Der Grund seiner überschwänglichen Freude darüber war schlicht und ergreifend der, dass man ihn ab diesen Zeitpunkt als Teil der Männer der Häuser anerkannte. Dass dies jeden Sohn von einem der Häuser, unabhängig seiner Leistungen, betraf, der seinen 17. Lebenszyklus überlebt hat, schmälerte seine Freude kaum. Theoretisch wurde er zu seinem letzten Geburtstag bereits ein Mann. Dies brachte ihn aber bis jetzt nur den Vorteil, mehr am Feld und in der Schmiede arbeiten zu dürfen. Seit einen halben Jahr schuftete er jeden Tag solange es genügend Licht gab, teilweise sogar noch im Dunklen, entweder am Ambos oder am Feld. Er beklagte sich jeden Tag über Schmerzen im Rücken und in den Armen aber er leistete seinen Beitrag trotzdem weiter, da er hoffte, sein Vater würde ihn endlich den Weg des Schwertes lehren, so wie er es Jahre zuvor Izoths Brüdern beigebracht hatte. Aber bis jetzt hat er vergeblich gewartet obwohl er älter als seine Brüder war, als sie den Weg beschreiten durften. Auf einen Ponyrücken reitend daran erinnert zu werden, dass man sich durch fehlende Ausbildung noch kein Recht erworben hat ein Ross zu reiten, wäre normalerweise zu viel für Izoth gewesen, da er nicht verstand, warum sein Vater so ungerecht zu ihm war.
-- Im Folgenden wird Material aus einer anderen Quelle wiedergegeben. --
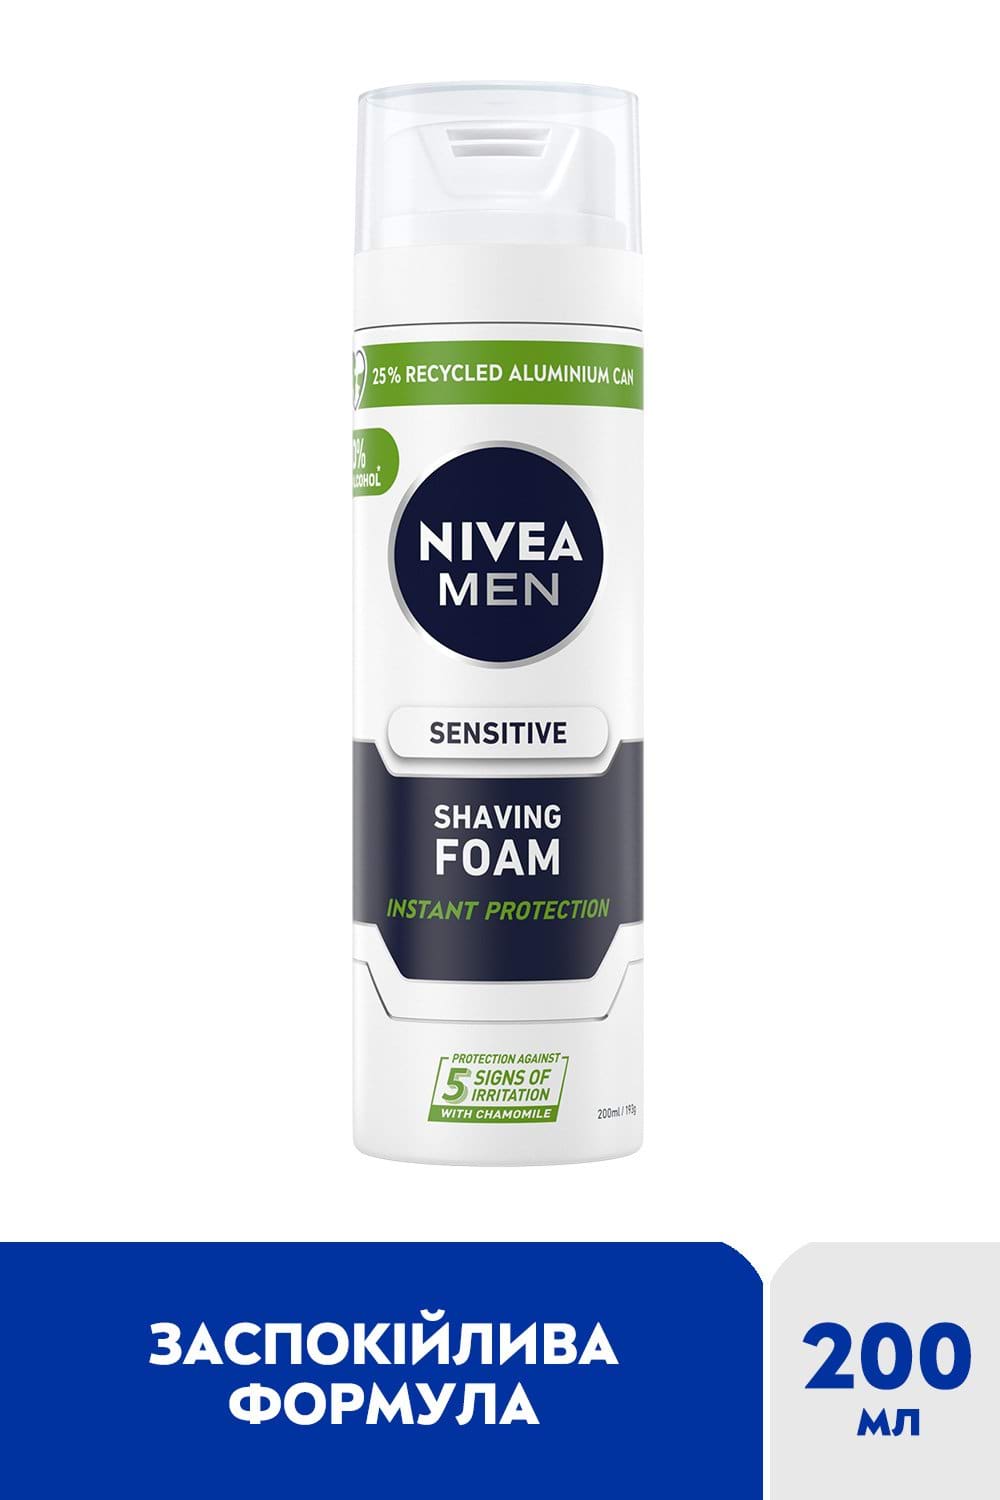 Пена для бритья NIVEA MEN для чувствительной кожи 200 мл.

Aber normale Umstände waren das nicht. Gestern Abend, kurz nachdem Izoth und seine Brüder den letzten Auftrag an der Schmiede erledigt hatten, preschte ein Bote vom Dorf zu ihrem Gehöft.

Mit wenigen Worten erklärte der Bote, dass er von den Häusern der Bauern ausgeschickt wurde. Er überbrachte die dringende Bitte, dass sich umgehend alle Männer aus dem Hause der Bauern und Schmiede in der Halle der Vorsitzenden einfinden sollen, um eine Entscheidung über die Auf- oder nicht Aufnahme der Flüchtlinge des letztens zerstörten Dorfs zu fällen. Es würde, so meinte der Bote, nicht länger als zwei Tage in Anspruch nehmen.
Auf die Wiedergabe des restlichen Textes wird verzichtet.